A system at equilibrium contains I2(g) at a pressure of 0.21 atm and I(g) at a pressure of 0.23 atm. The system is then compressed to half its volume. Find the pressure of each gas when the system returns to equilibrium.

Verified step by step guidance

Identify the initial equilibrium condition and the equilibrium constant expression for the reaction: \( \text{I}_2(g) \rightleftharpoons 2\text{I}(g) \).

Calculate the initial equilibrium constant \( K_p \) using the initial pressures: \( K_p = \frac{(P_{\text{I}})^2}{P_{\text{I}_2}} \).

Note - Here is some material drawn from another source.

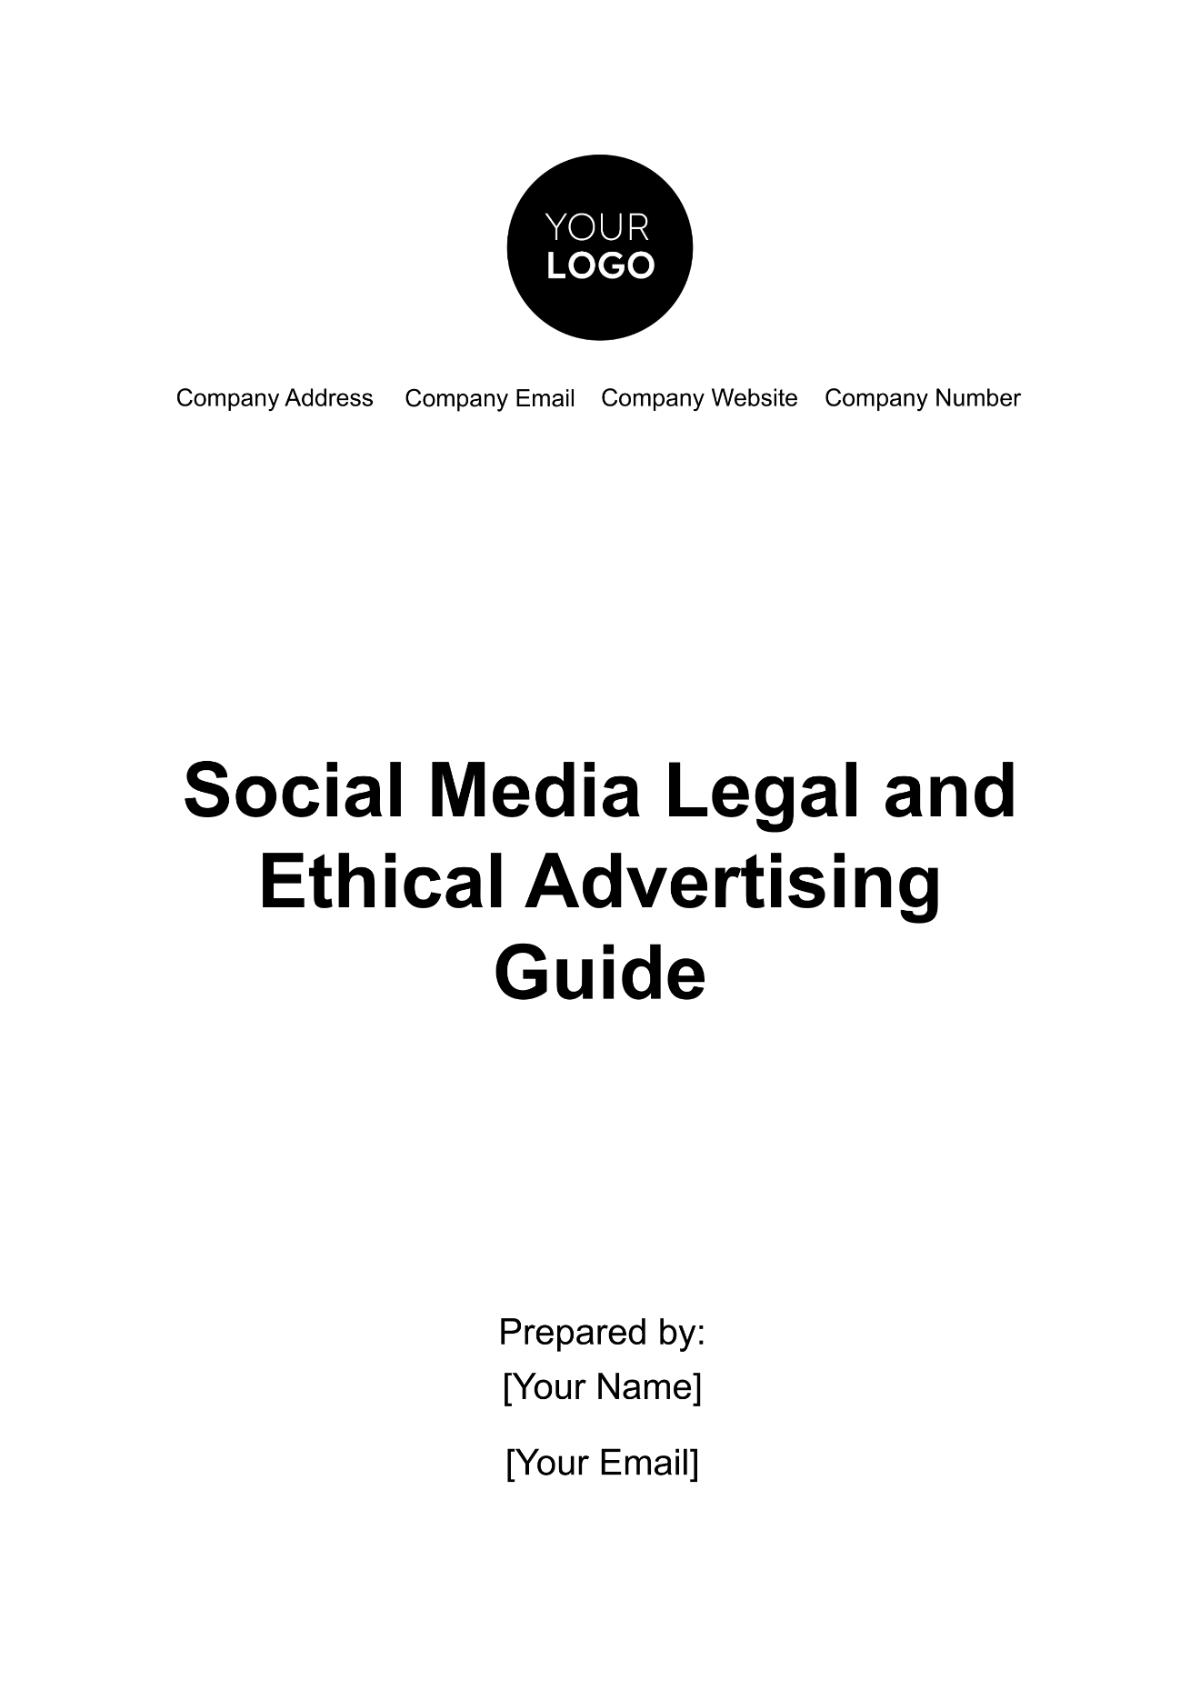 Social Media Legal and Ethical Advertising Guide Template

Determine the effect of compression on the system: halving the volume doubles the initial pressures of both gases.

Set up the new equilibrium expression using the doubled initial pressures and introduce a change variable \( x \) to account for the shift in equilibrium.

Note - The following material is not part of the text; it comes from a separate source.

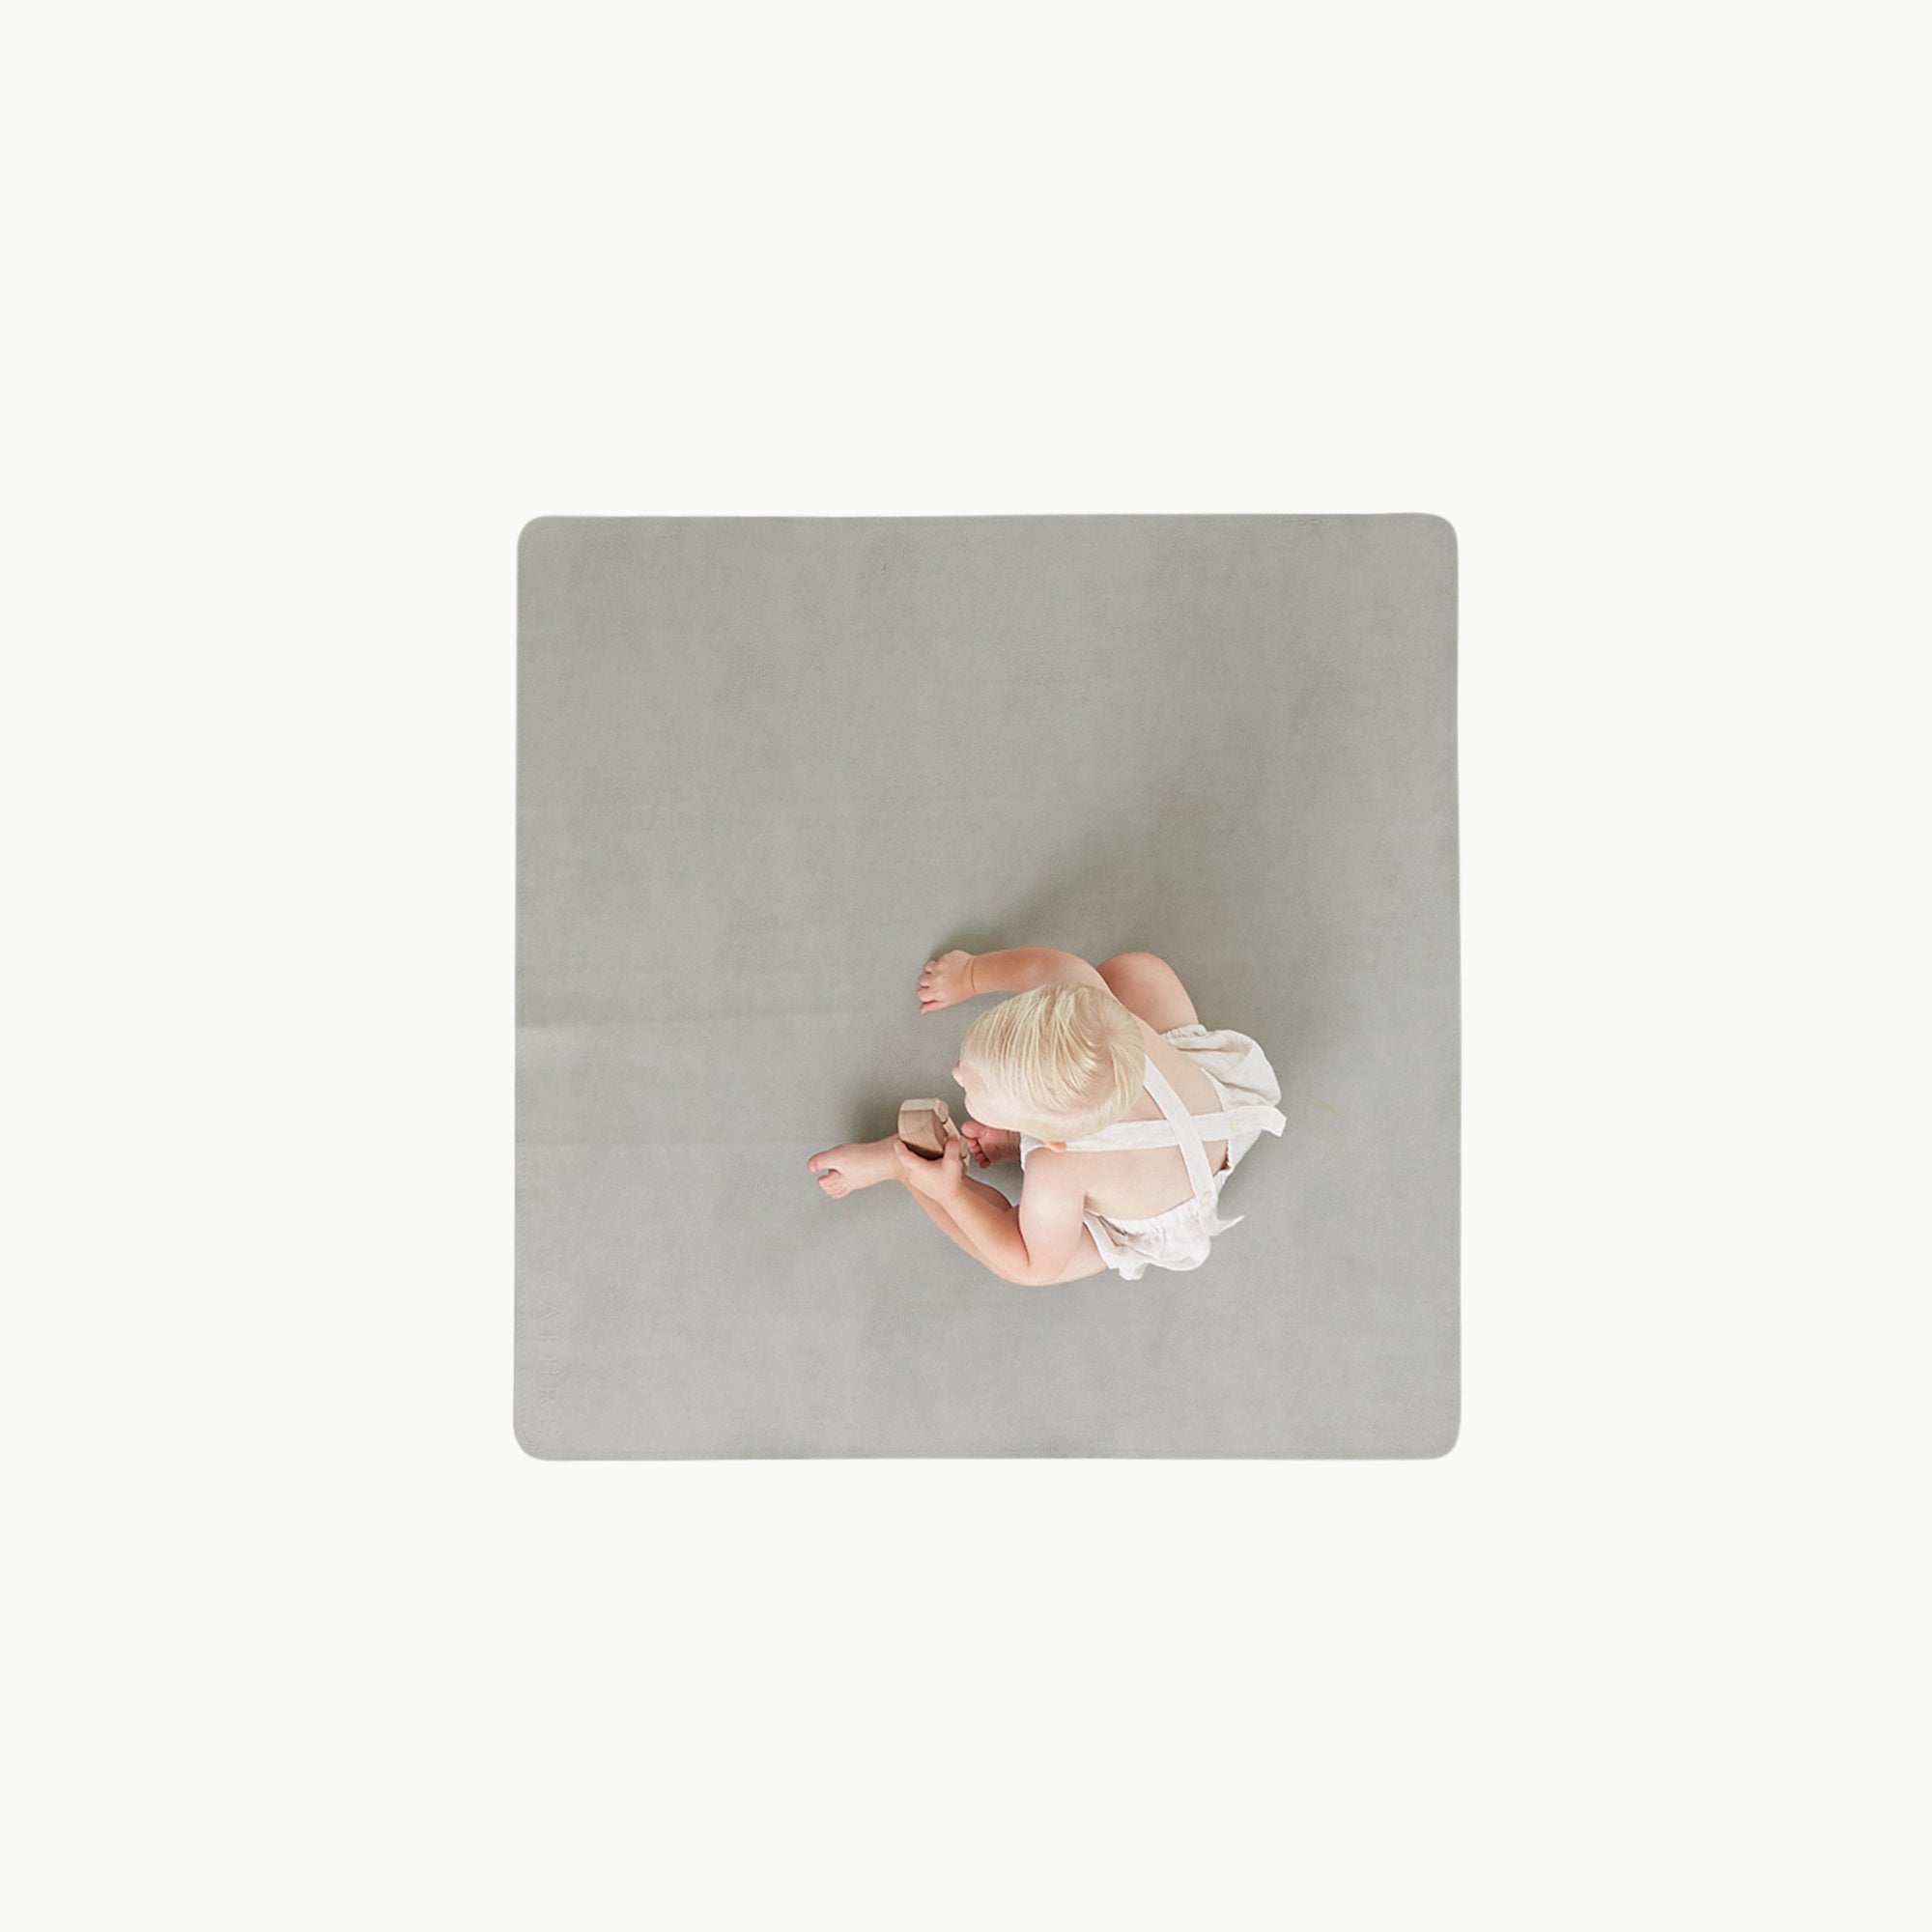 Pewter (on sale) / Square@overhead of kid sitting on the pewter midi square mat

Solve the equilibrium expression for \( x \) to find the new equilibrium pressures of \( \text{I}_2(g) \) and \( \text{I}(g) \).

Key Concepts

Here are the essential concepts you must grasp in order to answer the question correctly.

Le Chatelier's Principle

Le Chatelier's Principle states that if a dynamic equilibrium is disturbed by changing the conditions, the position of equilibrium shifts to counteract the change. In this case, compressing the system affects the pressures of the gases, prompting a shift in equilibrium to restore balance.

Ideal Gas Law

The Ideal Gas Law (PV=nRT) relates the pressure, volume, and temperature of an ideal gas. In this scenario, the initial pressures and the change in volume due to compression will influence the final pressures of I2 and I, allowing us to calculate the new equilibrium state.

Equilibrium Constant (Kp)

The equilibrium constant (Kp) for a reaction involving gases is defined in terms of the partial pressures of the reactants and products at equilibrium. Understanding Kp helps predict how the pressures of I2 and I will adjust after the system is compressed and reaches a new equilibrium.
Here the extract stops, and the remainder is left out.